The Troll subsea separation station is now in operation and is establishing a working track record. The Troll subsea separation station separates water and oil and re-injects the water into a dedicated disposal well. The system is installed on the Troll Field, located in the Norwegian North Sea (360 m water depth). The Troll field would experience liquid handling capacity problems if not for the subsea processing station which relieves this problem.
The Troll subsea separation station is the only full size, subsea separation station actually installed and operating. The adaptation of this technology to ultra deepwater fields is a major challenge, calling for application of new radically improved methods for gravity based separation.
The oil and gas industry is known for its risk awareness, thus the process of adapting subsea separation to ultradeep water fields must be undertaken with care. However, in order to meet the demands of the future deepwater fields, some radical changes will be necessary.
This paper will focus on how subsea separation can be adapted to Ultra deepwater fields, and which principles can be used inthe next generation of ultra deepwater subsea systems, "NuDeep" /1/
It is important to understand that subsea separation is one of several subsea processing concepts applicable to such fields.
Bulk water separation as provided by The Troll subsea separation station (will initially (first 3-4 years) have little significant impact. The water cut ratio is normally less than 20 % and the separation of this water will not have crucial impact on production rates or liquid load on the host.
When water/oil ratios increase to higher percentages, the separation and water removal will cause less pressure drop in the pipeline. In particular, the static liquid head in the riser will decrease and impact on production rates will be significant. Strongly reduced liquid load on the host will enable tie-in of new fields and also reduce discharge to sea of polluted produced water (if treated and dumped and not reinjected). It is important to recognize that for a field with large water production, the gain in driving pressure is very large by applying subsea separation. The calculation example shown below shows how increasing water production slows down natural production as compared to a production with water separation on the seabed.
Figure 1, Comparasion of production with and without subsea separation(Available in full paper)

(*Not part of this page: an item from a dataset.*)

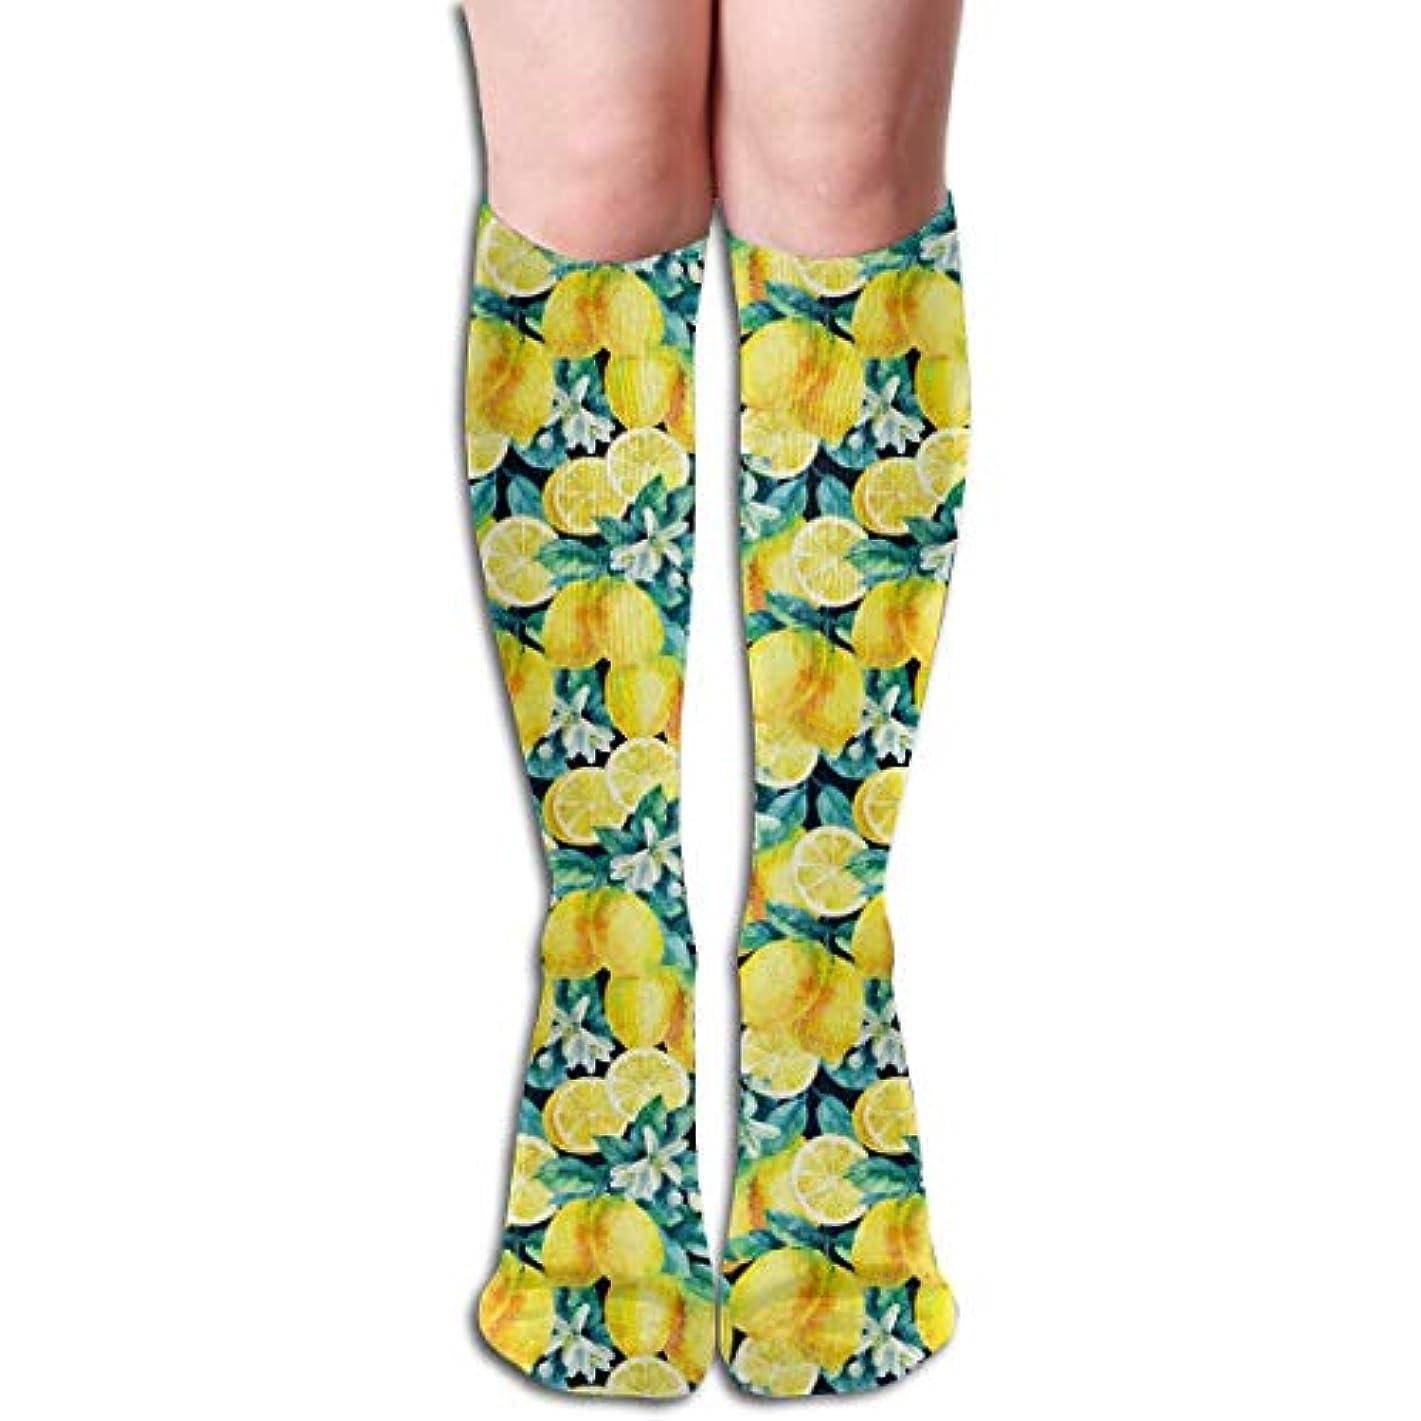 構造的警告する光QRRIYアスレチックソックス水彩レモン果物3 D圧縮ソックス男性のための長い靴下
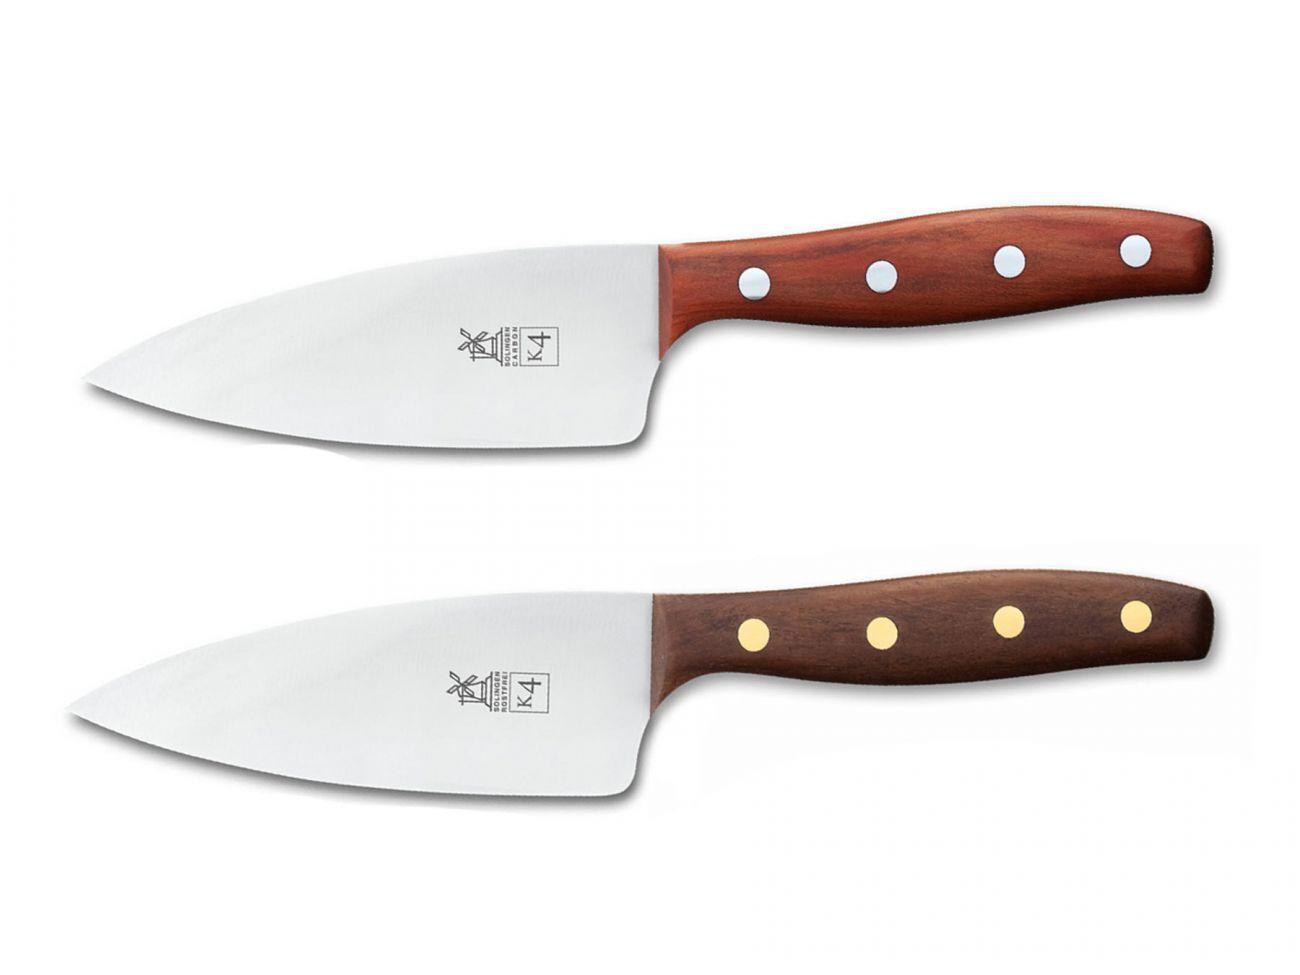 Les moulins à vent Couteau Acier k4 couteau 13 Cm Prune Noyer Robert Herder

If the performance of the subsea separation station can be improved to none hydrate forming amounts of remaining water in oil, the benefits of subsea separation expands significantly. Insulation, heating and injection of hydrate inhibitors can be eliminated or reduced or tie back distances increased. The savings will mainly be in the initial investments, and have a very positive influence on the net resent value of the project. In deep waters the effect of this will increase. Due to the high ambient pressure, the hydrate formation temperature will be higher and the shut down time prior to hydrate formation much shorter (ref. Fig 2), hence the insulation requirements will be higher.